— Скажи.
— Я думаю, что ты заучился. В нашей семье никто так долго не учился, кроме матери. — Мать — ладно, она женщина, но ты-то, ты! Ведь ты уже вон какой вымахал, выше отца, а все продолжаешь гонять мяч да всякие фокусы выкидывать. — Отец, кажется, успокоился до конца. Он прошелся по комнате, а потом решительно сел на диван. — Давай, Станислав, поговорим с тобой по-человечески, не будем психовать… Хоть у тебя вообще нет социальной почвы для психования.

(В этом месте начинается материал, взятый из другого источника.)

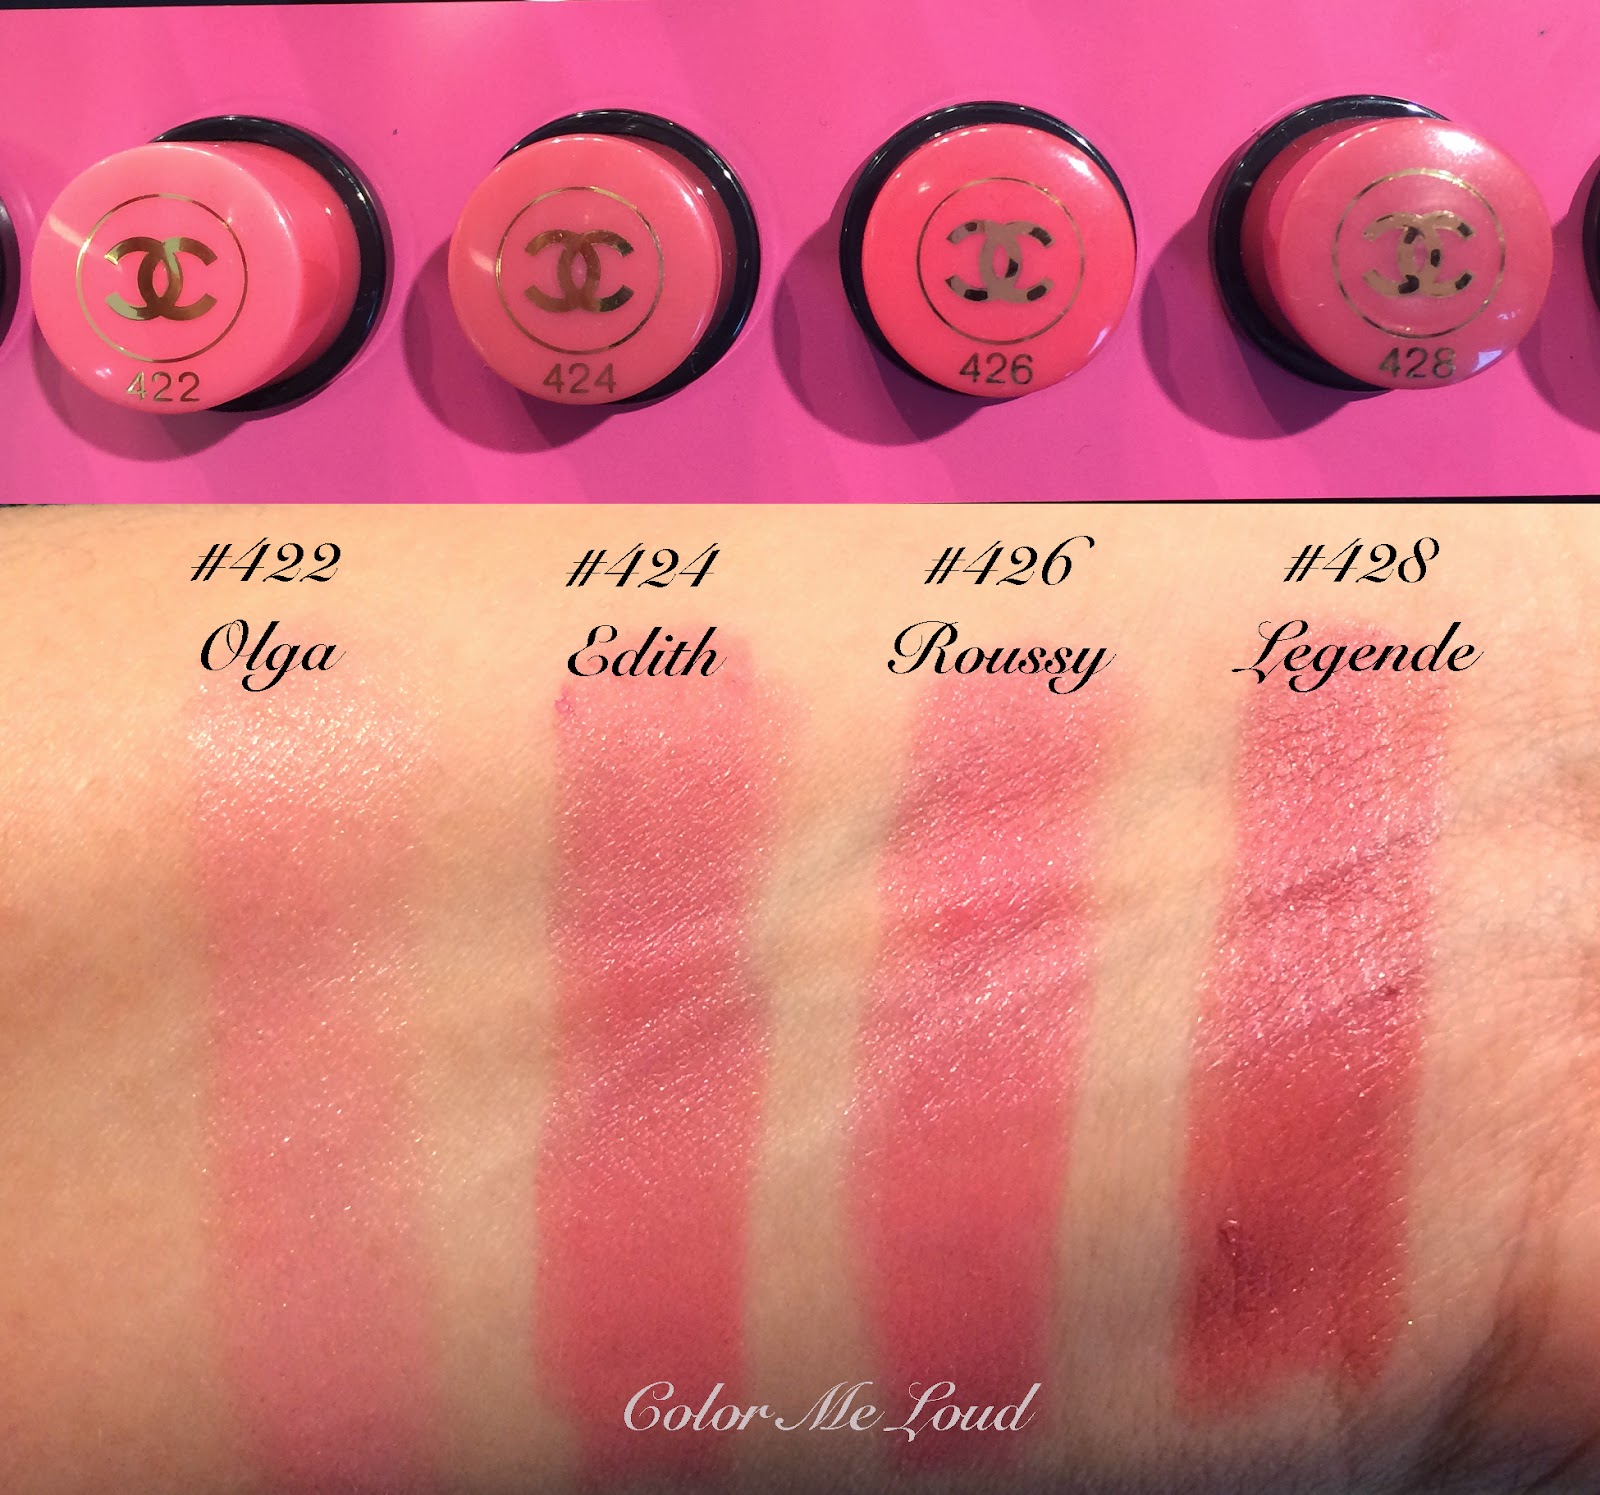 Chanel Rouge Coco Ultra Hydrating Lip Colour #416 Coco & #454 Jean

Станислав повернул голову, только кивнул, как бы желая слазать, что он готов серьезно поговорить с отцом и что у него действительно нет «социальной» почвы.
— Я в твои годы, — продолжал Клавдий Сергеевич, — работал уже на консервном заводе в Исфаре. Я был вполне самостоятельным человеком… со всеми вытекающими отсюда последствиями. Ты следишь за моей мыслью? — Он начал говорить «интеллигентным» языком, и это означало только, что теперь отец не столько воспитывает сына, сколько любуется собой. — Почему я говорю: со всеми вытекающими отсюда последствиями? Да потому только, Станислав, что уже тогда, работая на консервном заводе, я наравне со взрослыми отвечал за все, что делал сам: за количество и качество, за прогулы, если таковые были, и за многое тому подобное.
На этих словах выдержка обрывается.